EnvLogger
is a standard dm_env.Environment
class wrapper that
records interactions between a real environment and an agent. These interactions
are saved on disk as trajectories and can be retrieved in whole, by individual
timesteps or by specific episodes.
To better categorize your logged data, you may want to add some tags in the
metadata when you construct the logger wrapper. The metadata is written once
per EnvLogger
instance.
env = envlogger.EnvLogger(
env,
data_directory='/tmp/experiment_logs',
metadata={
'environment_type': 'dm_control',
'agent_type': 'D4PG'
})
Most of the time, it is just a one-liner wrapper, e.g.
import envlogger
from envlogger.testing import catch_env
import numpy as np
env = catch_env.Catch()
with envlogger.EnvLogger(
env, data_directory='/tmp/experiment_logs') as env:
env.reset()
for step in range(100):
action = np.random.randint(low=0, high=3)

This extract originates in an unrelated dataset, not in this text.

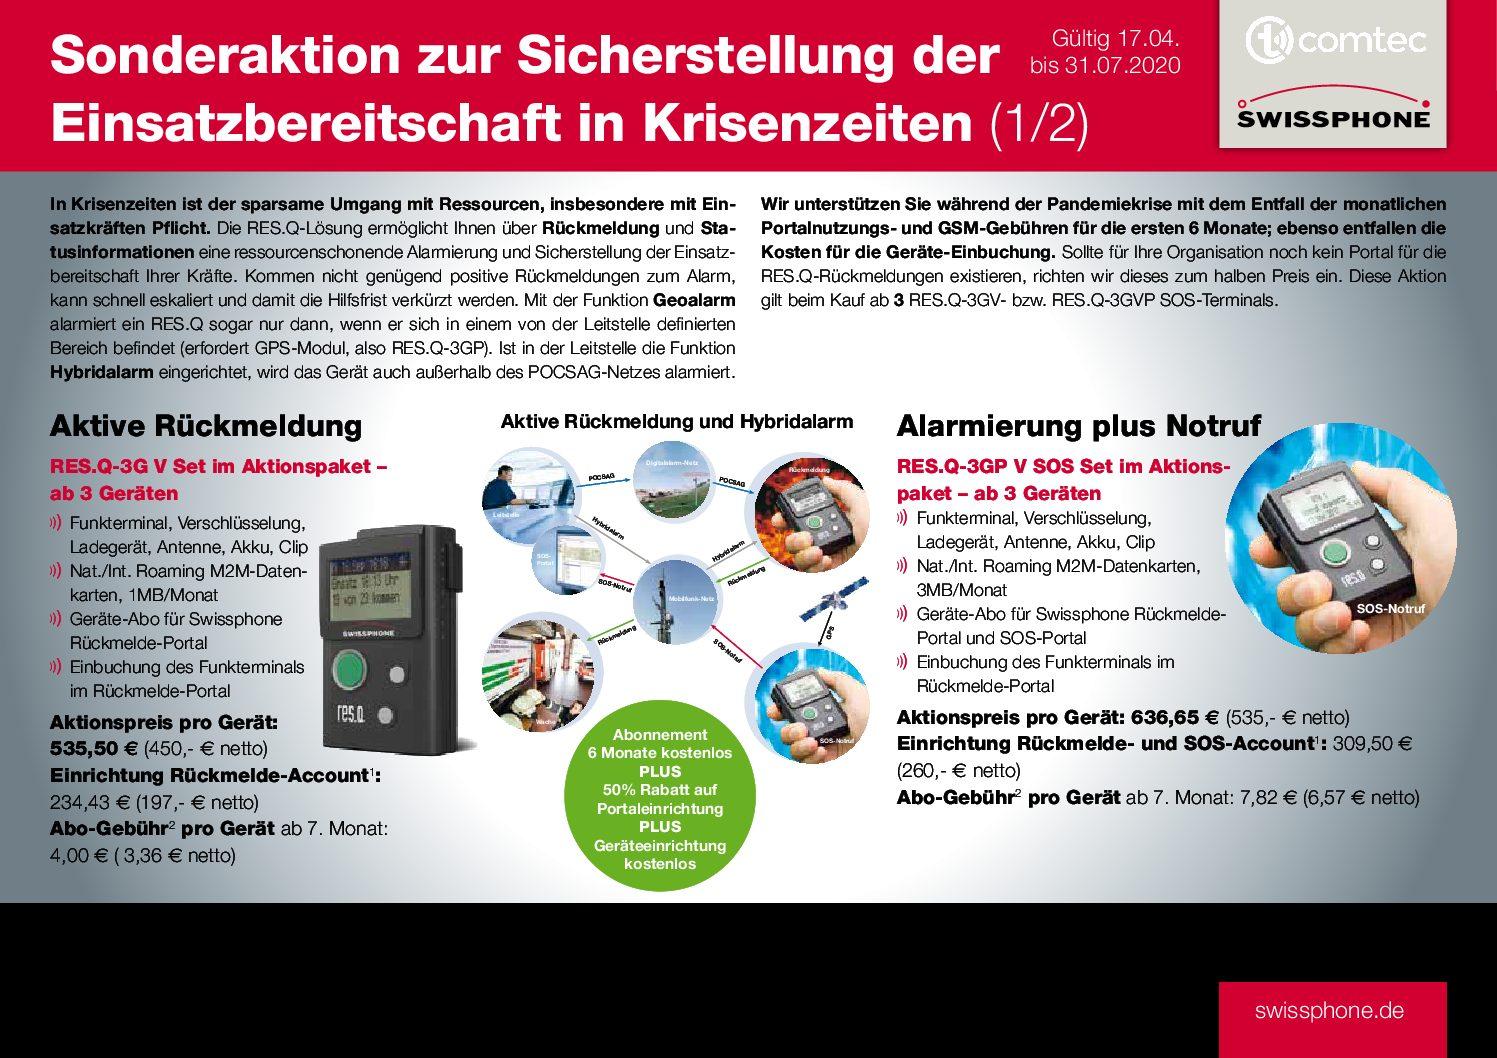 Frühjahrsaktion 2020 Swissphone

timestep = env.step(action)
Full example of random agent in Catch is available here: random_agent_catch.py
Envlogger also allows to record custom metadata per step by defining a function that can be passed to the wrapper. In this example, we want to record the timestamp of when each step was produced:
def step_fn(unused_timestep, unused_action, unused_env):
return {'timestamp': time.time()}
...
with envlogger.Envlogger(
env,
data_directory='/tmp/experiment_logs',
step_fn=step_fn) as env:
...
Recording custom episode metadata is also possible by providing a callback. This
callback is invoked at every step but only the last value returned that is not
None
(if any) is stored.
In the following example, we only store the timestamp of the first step of the episode.
def episode_fn(timestep, unused_action, unused_env):
if timestemp.first:
return {'timestamp': time.time()}
else:
return None
...
with envlogger.Envlogger(
env,
data_directory=FLAGS.trajectories_dir,
episode_fn=episode_fn) as env:
...
Envlogger supports writing data that is directly compatible with TFDS and RLDS.

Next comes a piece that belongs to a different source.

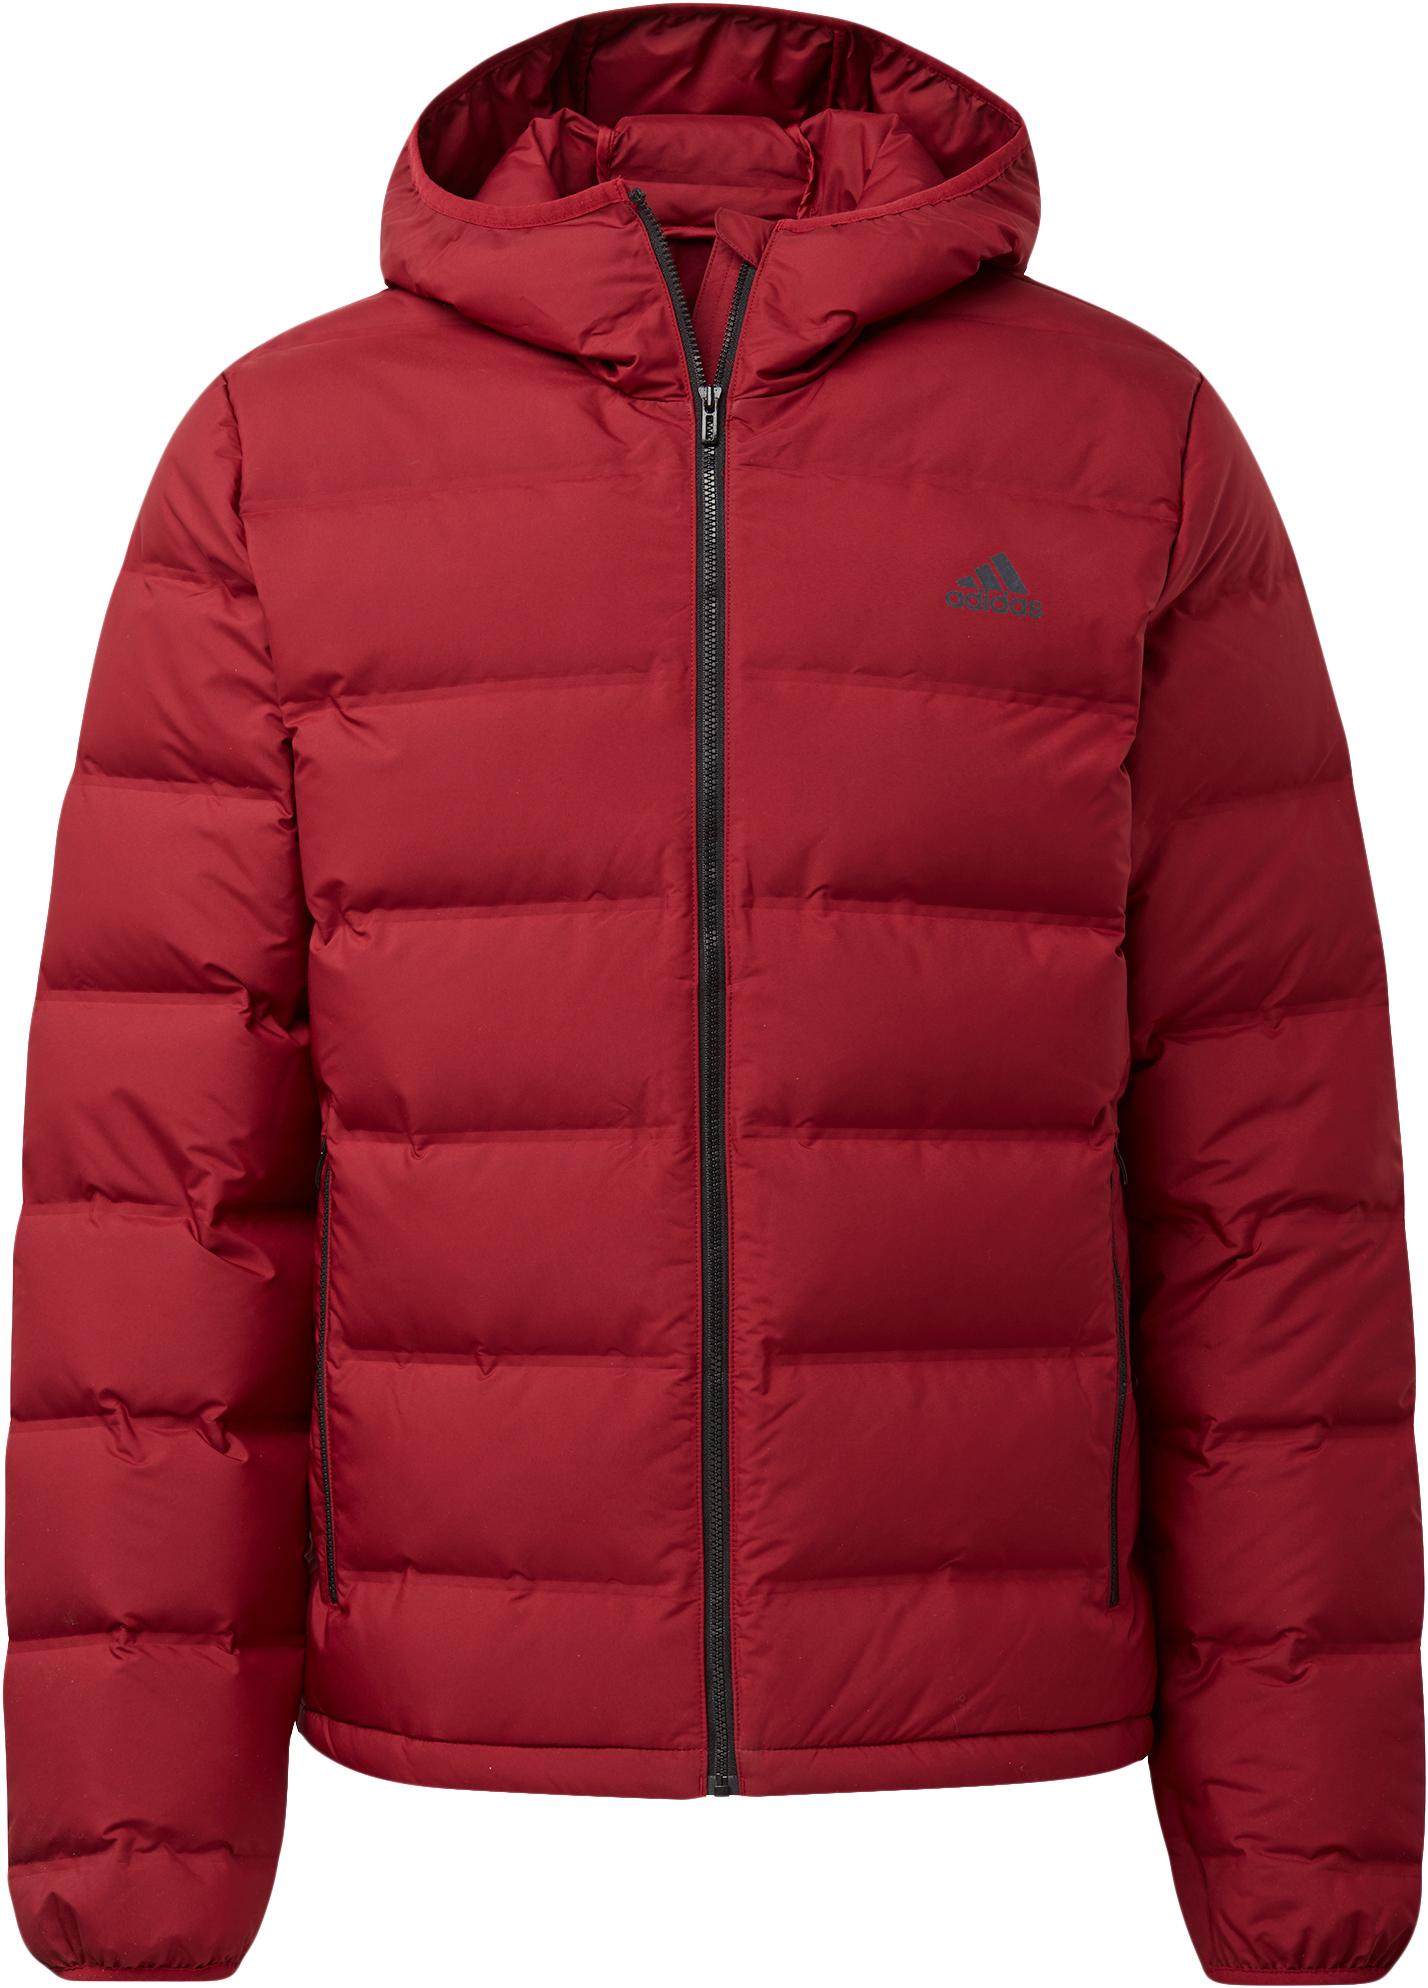 Adidas Куртка пуховая мужская Helionic, размер 50

For that, you need to indicate the specs of your environment in terms of TFDS
Features using an RLDS DatasetConfig like in the example
(note that the config can include step_metadata_info
and episode metadata_info
).
dataset_config = tfds.rlds.rlds_base.DatasetConfig(
name='catch_example',
observation_info=tfds.features.Tensor(
shape=(10, 5), dtype=tf.float32,
encoding=tfds.features.Encoding.ZLIB),
action_info=tf.int64,
reward_info=tf.float64,
discount_info=tf.float64)
And then use the TFDS Backend when instantiating the Envlogger:
envlogger.EnvLogger(
env,
backend = tfds_backend_writer.TFDSBackendWriter(
data_directory=FLAGS.trajectories_dir,
split_name='train',
max_episodes_per_file=500,
ds_config=dataset_config),
)
A full example is available here random_agent_catch.py
Note: If you are installing Envlogger via pip, remember to install the extra dependencies:
pip install envlogger[tfds]
Reader
can read stored trajectories. Example:
from envlogger import reader
with reader.Reader(
data_directory='/tmp/experiment_logs') as r:
for episode in r.episodes:
for step in episode:
# step is a step_data.StepData.
# Use step.timestep.observation, step.timestep.reward, step.action etc...

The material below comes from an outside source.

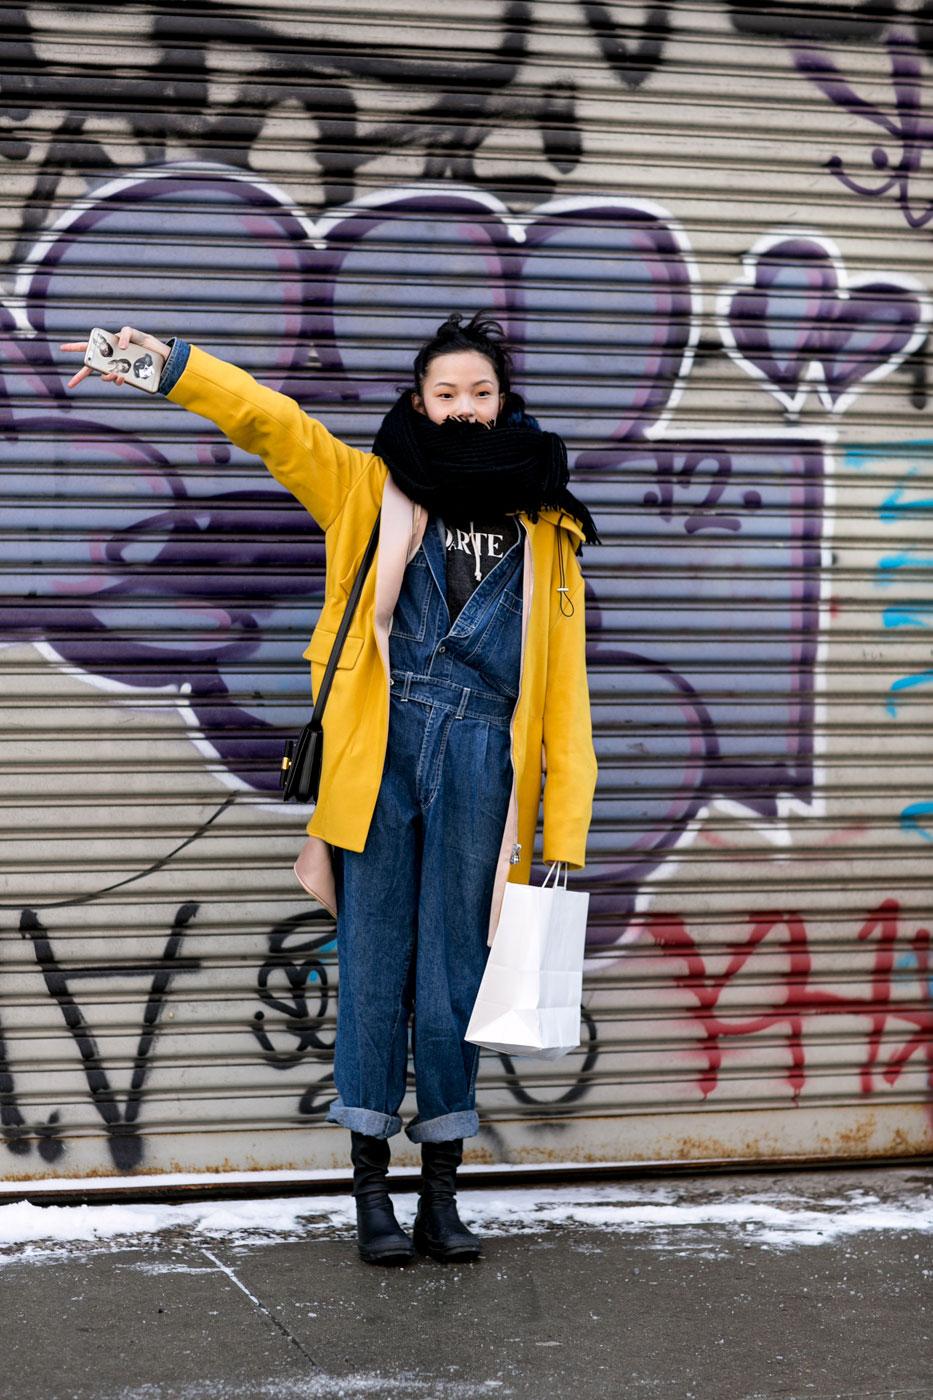 Xiao Wen Ju   - NYFW Fall 2015 street style

Datasets generated with Envlogger are compatible with RLDS.
If you used the TFDS backend, you can read your data directly
with tfds.builder_from_directory
. Check the RLDS website for colabs and
tools to manipulate your datasets.
Otherwise, you can transform them into a TFDS compatible dataset (learn how in the RLDS documentation).
EnvLogger currently only supports Linux based OSes and Python 3.
You can install EnvLogger via pip
:
pip install envlogger
If you want to use the TFDS backend, you need to install the package with extra dependencies:
pip install envlogger[tfds]
For this option you will need to install Bazel and GMP (libgmp-dev
on Debian-based systems).
Please note that Bazel versions >4.0 are not supported. Our recommended version
is 3.7.2. Then:
git clone https://github.com/deepmind/envlogger/
cd envlogger
bazel test --test_output=errors envlogger/...
We provide a Docker image that can be used to run tests in a more controlled environment. You can run it as follows:
sh docker/build.sh
docker run -it envlogger bash
bazel test --test_output=errors envlogger/...
Wrapping your environment with EnvLogger adds an approximately 2 millisecond overhead per environment step. See the following difference in distributions in the case of random agent on a 100 steps per second Catch environment (measured in milliseconds).
Percentiles | 50th | 95th | 99th | 99.9th | mean (± std) |
---|---|---|---|---|---|
w/o EnvLogger | 10.15 | 10.23 | 11.51 | 14.70 | 10.19 (± 1.06) |
w/ EnvLogger | 12.65 | 14.39 | 15.94 | 19.43 | 12.88 (± 0.34) |
We greatly appreciate all the support from the TF-Agents team in setting up building and testing for EnvLogger.